In an interview from his residence in Ohio with The Daily Mercury, an Australian newspaper, Alex Marlarkey's father found his son's story disturbing. “When he first started talking about it, I thought he had brain damage,” Kevin Marlarkey told the newspaper from his Ohio home.
The senior Marlarkey, the father of four, is a highly educated man and the son of a well-respected clinical research director. He is a practical man and a common sense dad. When his son began talking about his experiences in the afterlife, Kevin Marlarkey didn't believe it.
Although Kevin Marlarkey had slipped into shock immediately following the car accident and has no recollection of the incident itself, he does remember the paramedics pulling his son Alex from the wreck.
Alex Marlarkey says he remembers the accident and that during the aftermath - as firemen and paramedics struggled to extract him from the remains of the totalled vehicle - Jesus appeared and he talked with Him as his body was transferred to a flat board.
The account in the book relates how young Marlarkey heard his father screaming his name over and over. He describes his father making a phone call and walking over to an emergency Medivac helicopter that had landed at the accident site. He distinctly remembers his father conversing with a man in a blue-colored suit.
After correcting her son and telling him all the men were wearing orange flight suits, she later followed up on his insistence that he saw what happened and discovered to her amazement that the member of the crew her husband had spoken with indeed was wearing a blue suit at the time.
During those events, Alex Marlarkey was unconscious, perhaps already in a coma, and had no physical way to perceive what was happening around him.
For a time, Kevin Marlarkey kept attempting to get the full story of his son's amazing life after death episode, but the little boy is very solemn about it and always reiterates that he was told not to divulge all of it and only feels comfortable telling part of his experience.
“We probably only know about 10% of what he knows," admits the somewhat frustrated father. "I think he is very protective about it.”
The book also details much of the family's private lives after the accident; how the events shaped and changed the dynamics of their relationships and what they once considered important.
Ironically. Kevin Marlarkey is a professional relationship counselor, yet his own relationships - including his marriage - became became very volatile during the crisis. He tells in the book how his own faith was continually tested: faith in himself, his family, the medical profession… even his faith in God.
Yet since the horrible accident in 2004, Alex Marlarkey has continued to make astonishing progress towards regaining a normal life. People of all faiths around the world who have heard his story pray for him - including in such war-torn places as the Middle East.

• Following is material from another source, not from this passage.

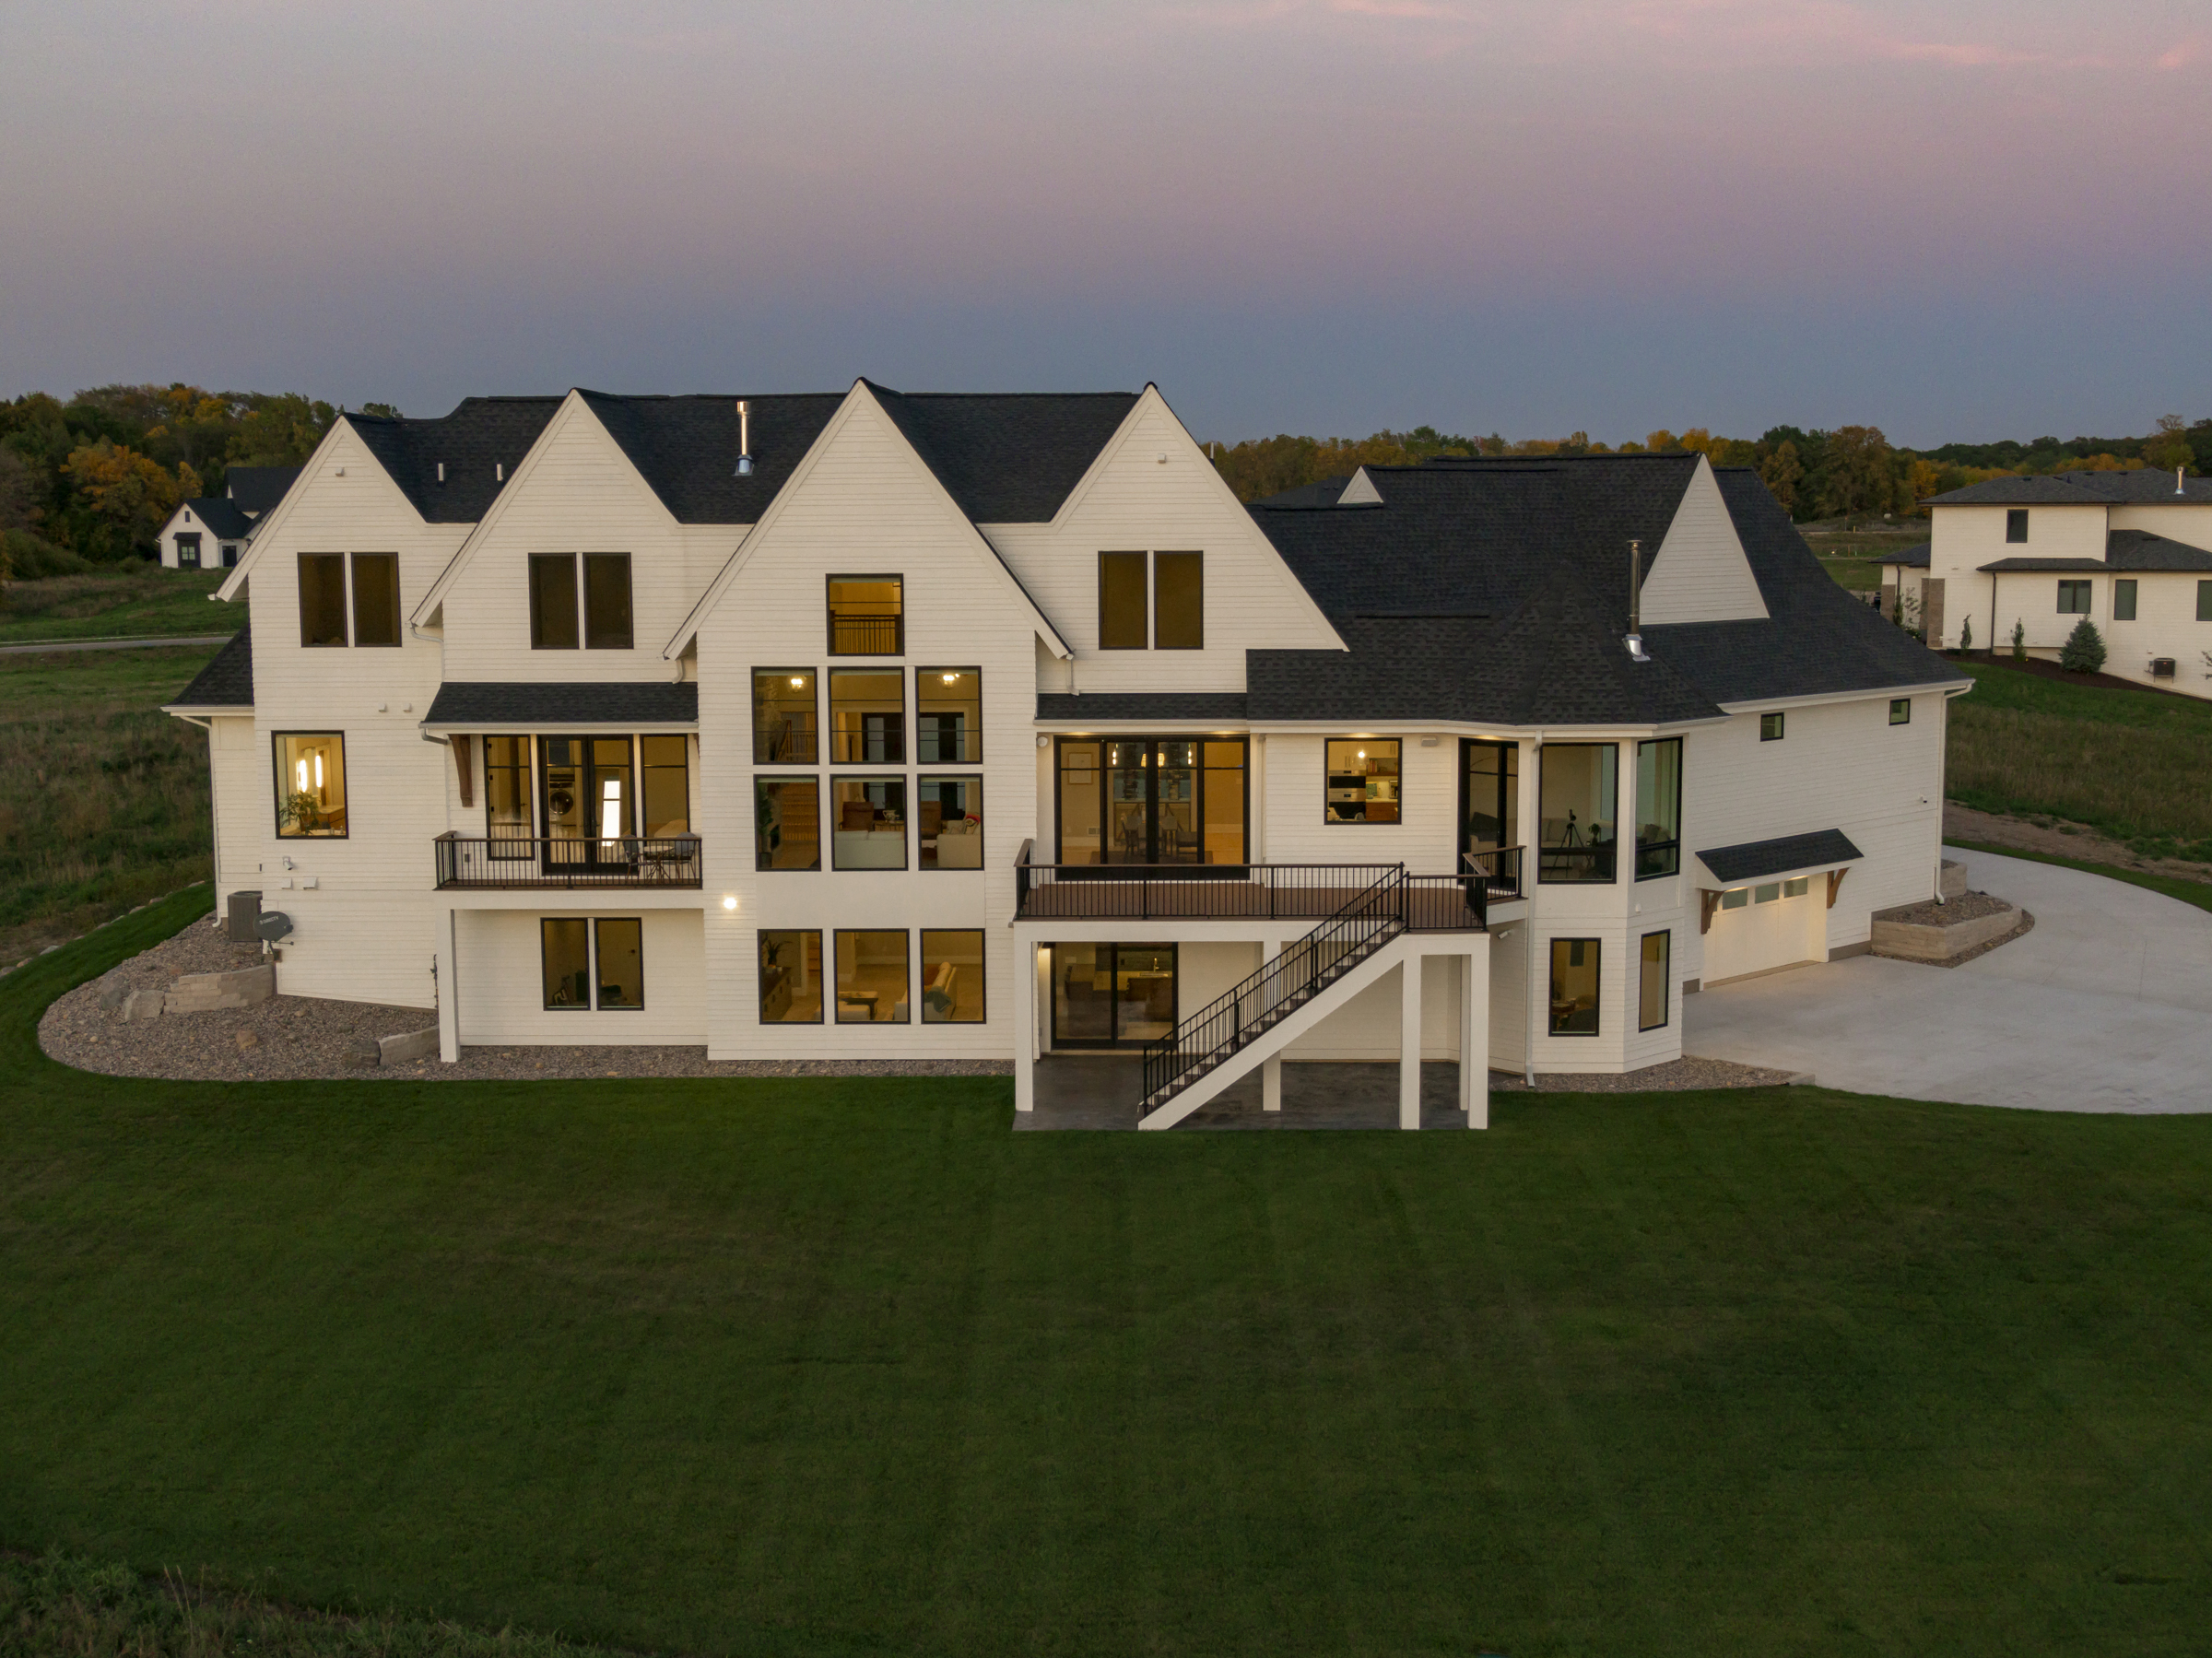 An aerial view of a prairie transitional custom home in the countryside.
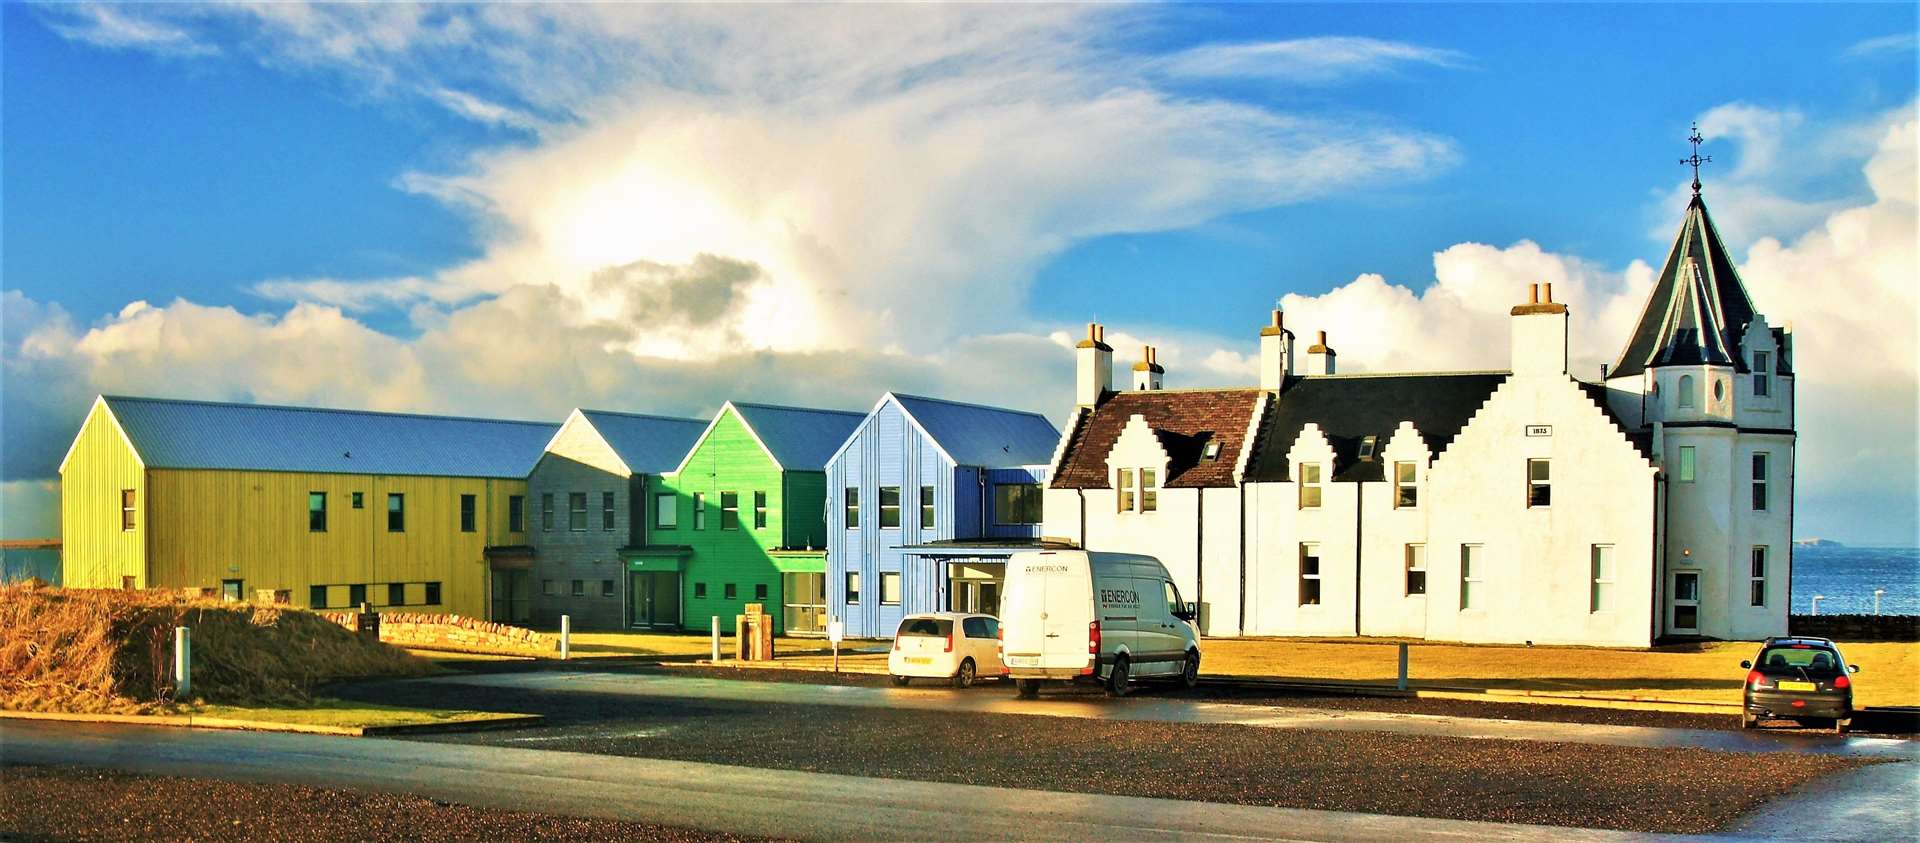 You can visit John O'Groats and hear a story while taking a scenic walk. Picture: DGS

The little boy will soon be a teenager. His years of intense therapy have brought him to the point where he can now stand using a support frame and walk a treadmill with the aid of a special harness and his trainers.
The Daily Mercury asked his father if he believed Alex would ever again walk on his own. Reflecting on years of miracles that followed the accident, Kevin Marlarkey said that someday Alex would walk. “Absolutely. Why not?”